**DATASET RECORDS:**

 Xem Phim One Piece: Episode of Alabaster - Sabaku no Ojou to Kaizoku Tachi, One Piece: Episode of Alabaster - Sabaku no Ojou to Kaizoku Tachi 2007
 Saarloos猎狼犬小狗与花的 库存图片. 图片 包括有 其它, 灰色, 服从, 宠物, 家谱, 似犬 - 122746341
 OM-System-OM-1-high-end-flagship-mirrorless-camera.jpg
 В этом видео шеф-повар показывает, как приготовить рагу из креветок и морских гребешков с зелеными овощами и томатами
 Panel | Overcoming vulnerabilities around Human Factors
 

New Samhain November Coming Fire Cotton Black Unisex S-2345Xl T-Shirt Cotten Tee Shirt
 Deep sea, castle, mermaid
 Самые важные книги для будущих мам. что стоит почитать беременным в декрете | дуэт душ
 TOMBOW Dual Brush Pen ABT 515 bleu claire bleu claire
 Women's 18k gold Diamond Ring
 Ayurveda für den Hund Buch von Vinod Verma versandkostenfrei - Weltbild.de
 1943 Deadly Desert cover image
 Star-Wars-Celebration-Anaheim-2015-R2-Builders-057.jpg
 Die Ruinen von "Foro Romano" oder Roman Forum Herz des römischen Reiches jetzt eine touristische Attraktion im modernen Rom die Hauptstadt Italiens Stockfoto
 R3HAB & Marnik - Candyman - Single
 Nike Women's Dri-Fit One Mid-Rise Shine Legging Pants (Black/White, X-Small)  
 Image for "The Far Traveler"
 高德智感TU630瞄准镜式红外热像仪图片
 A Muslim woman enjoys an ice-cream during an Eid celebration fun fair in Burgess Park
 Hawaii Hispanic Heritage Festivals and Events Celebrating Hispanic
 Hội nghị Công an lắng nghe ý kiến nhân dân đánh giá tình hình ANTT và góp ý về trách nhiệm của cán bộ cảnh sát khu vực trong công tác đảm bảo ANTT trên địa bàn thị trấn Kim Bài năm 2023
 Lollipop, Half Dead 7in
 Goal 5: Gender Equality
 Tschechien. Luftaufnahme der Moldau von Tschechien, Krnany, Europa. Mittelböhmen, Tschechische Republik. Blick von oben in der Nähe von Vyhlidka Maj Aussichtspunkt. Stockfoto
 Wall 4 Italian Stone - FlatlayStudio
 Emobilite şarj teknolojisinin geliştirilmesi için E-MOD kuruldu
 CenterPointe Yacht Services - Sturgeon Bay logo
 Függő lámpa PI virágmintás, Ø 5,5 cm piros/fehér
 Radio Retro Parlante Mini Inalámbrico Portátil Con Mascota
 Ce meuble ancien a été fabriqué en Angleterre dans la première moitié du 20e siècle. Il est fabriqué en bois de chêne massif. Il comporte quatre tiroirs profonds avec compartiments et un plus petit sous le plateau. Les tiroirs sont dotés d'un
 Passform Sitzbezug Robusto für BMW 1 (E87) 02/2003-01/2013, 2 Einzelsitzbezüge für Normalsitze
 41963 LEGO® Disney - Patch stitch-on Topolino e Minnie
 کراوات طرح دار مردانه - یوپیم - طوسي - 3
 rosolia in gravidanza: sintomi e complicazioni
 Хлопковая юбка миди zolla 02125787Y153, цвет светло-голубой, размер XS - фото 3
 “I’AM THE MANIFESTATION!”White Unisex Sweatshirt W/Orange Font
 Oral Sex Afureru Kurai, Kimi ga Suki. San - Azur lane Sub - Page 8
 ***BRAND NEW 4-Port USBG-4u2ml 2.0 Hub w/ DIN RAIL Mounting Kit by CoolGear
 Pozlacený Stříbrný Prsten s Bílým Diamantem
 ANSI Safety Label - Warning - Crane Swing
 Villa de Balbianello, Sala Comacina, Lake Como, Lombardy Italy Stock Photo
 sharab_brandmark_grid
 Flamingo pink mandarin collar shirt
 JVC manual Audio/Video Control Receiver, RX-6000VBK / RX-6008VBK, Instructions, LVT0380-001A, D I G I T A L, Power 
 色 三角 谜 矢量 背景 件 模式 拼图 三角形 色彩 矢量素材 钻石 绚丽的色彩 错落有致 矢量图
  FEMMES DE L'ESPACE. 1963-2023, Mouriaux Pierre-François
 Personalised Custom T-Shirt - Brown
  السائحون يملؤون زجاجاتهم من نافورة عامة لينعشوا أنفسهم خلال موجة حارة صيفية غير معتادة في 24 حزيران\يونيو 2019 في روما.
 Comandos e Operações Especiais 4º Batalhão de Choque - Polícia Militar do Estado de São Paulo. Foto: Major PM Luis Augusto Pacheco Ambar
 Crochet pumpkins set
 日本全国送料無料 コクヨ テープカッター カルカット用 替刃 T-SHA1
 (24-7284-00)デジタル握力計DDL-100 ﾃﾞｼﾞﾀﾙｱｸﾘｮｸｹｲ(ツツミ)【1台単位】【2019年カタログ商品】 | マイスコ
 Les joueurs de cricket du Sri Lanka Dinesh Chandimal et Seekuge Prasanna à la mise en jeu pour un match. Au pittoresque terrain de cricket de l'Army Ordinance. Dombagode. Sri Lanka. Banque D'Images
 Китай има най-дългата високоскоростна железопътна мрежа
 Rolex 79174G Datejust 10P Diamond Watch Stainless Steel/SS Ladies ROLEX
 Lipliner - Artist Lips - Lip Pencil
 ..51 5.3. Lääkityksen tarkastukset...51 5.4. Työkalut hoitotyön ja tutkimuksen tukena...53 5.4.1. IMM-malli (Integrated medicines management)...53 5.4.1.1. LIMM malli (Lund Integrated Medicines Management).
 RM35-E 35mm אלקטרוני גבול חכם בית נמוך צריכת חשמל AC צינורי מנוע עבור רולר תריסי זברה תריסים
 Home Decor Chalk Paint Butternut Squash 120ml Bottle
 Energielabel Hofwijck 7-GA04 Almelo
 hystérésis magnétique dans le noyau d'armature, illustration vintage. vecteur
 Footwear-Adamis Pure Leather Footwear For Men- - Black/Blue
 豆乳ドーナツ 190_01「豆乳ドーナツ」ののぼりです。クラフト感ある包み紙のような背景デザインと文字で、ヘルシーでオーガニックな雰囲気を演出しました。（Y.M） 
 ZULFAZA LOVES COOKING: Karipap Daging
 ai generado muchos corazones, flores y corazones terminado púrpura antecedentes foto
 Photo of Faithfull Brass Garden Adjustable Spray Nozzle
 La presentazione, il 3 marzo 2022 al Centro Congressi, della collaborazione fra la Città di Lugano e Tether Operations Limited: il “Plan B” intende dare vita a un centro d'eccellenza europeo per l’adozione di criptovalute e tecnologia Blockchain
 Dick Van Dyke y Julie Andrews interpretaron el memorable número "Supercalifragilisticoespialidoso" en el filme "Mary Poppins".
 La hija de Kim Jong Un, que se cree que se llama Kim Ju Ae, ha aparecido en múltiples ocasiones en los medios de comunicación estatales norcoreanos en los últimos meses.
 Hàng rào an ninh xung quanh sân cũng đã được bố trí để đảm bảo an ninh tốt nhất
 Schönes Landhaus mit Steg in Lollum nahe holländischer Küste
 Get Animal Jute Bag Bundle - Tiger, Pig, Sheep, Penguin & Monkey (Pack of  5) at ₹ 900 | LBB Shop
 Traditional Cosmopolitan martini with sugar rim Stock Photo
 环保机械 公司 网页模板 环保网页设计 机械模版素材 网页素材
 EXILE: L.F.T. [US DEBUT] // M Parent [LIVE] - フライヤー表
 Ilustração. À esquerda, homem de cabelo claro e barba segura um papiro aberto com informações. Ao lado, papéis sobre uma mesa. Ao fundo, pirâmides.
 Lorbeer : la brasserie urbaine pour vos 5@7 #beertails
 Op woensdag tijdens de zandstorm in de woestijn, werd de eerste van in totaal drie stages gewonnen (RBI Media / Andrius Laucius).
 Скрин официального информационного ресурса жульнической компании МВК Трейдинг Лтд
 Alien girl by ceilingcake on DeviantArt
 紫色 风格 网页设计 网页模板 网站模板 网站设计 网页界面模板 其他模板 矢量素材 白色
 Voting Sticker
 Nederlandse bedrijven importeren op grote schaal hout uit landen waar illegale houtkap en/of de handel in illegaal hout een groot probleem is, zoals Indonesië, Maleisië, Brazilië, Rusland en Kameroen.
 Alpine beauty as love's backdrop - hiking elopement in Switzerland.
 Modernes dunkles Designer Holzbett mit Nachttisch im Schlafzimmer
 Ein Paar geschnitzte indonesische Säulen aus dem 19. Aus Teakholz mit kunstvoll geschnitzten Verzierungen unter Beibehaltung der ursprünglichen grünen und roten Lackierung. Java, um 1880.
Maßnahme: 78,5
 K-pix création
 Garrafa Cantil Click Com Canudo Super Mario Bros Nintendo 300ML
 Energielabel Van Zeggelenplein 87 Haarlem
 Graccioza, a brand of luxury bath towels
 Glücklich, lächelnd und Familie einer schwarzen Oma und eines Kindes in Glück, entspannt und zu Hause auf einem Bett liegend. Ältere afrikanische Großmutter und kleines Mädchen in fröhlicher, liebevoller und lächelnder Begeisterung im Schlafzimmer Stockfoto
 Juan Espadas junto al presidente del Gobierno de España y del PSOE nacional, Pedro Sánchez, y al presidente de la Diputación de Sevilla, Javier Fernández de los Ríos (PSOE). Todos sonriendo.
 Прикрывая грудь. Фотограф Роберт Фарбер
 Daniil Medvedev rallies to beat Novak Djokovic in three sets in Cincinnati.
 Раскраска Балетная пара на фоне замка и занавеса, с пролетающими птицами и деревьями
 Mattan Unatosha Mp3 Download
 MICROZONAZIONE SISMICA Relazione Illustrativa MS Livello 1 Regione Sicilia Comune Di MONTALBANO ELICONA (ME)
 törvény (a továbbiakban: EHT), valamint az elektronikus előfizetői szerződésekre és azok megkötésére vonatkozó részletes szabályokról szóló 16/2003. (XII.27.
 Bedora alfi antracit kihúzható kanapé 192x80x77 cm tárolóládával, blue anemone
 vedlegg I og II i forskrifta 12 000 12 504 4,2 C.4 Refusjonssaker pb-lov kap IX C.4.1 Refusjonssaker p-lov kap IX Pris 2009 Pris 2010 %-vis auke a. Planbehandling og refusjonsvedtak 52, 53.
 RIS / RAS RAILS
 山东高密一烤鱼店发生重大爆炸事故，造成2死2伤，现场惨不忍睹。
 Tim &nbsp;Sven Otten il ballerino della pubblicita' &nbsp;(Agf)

**YOUR OBJECTIVE:** From the listing above, the lines starting with the one that has "Dick Van Dyke" and running through the one that has "La hija de Kim" should be copied exactly, ends included.

**YOUR RESPONSE:**
 Dick Van Dyke y Julie Andrews interpretaron el memorable número "Supercalifragilisticoespialidoso" en el filme "Mary Poppins".
 La hija de Kim Jong Un, que se cree que se llama Kim Ju Ae, ha aparecido en múltiples ocasiones en los medios de comunicación estatales norcoreanos en los últimos meses.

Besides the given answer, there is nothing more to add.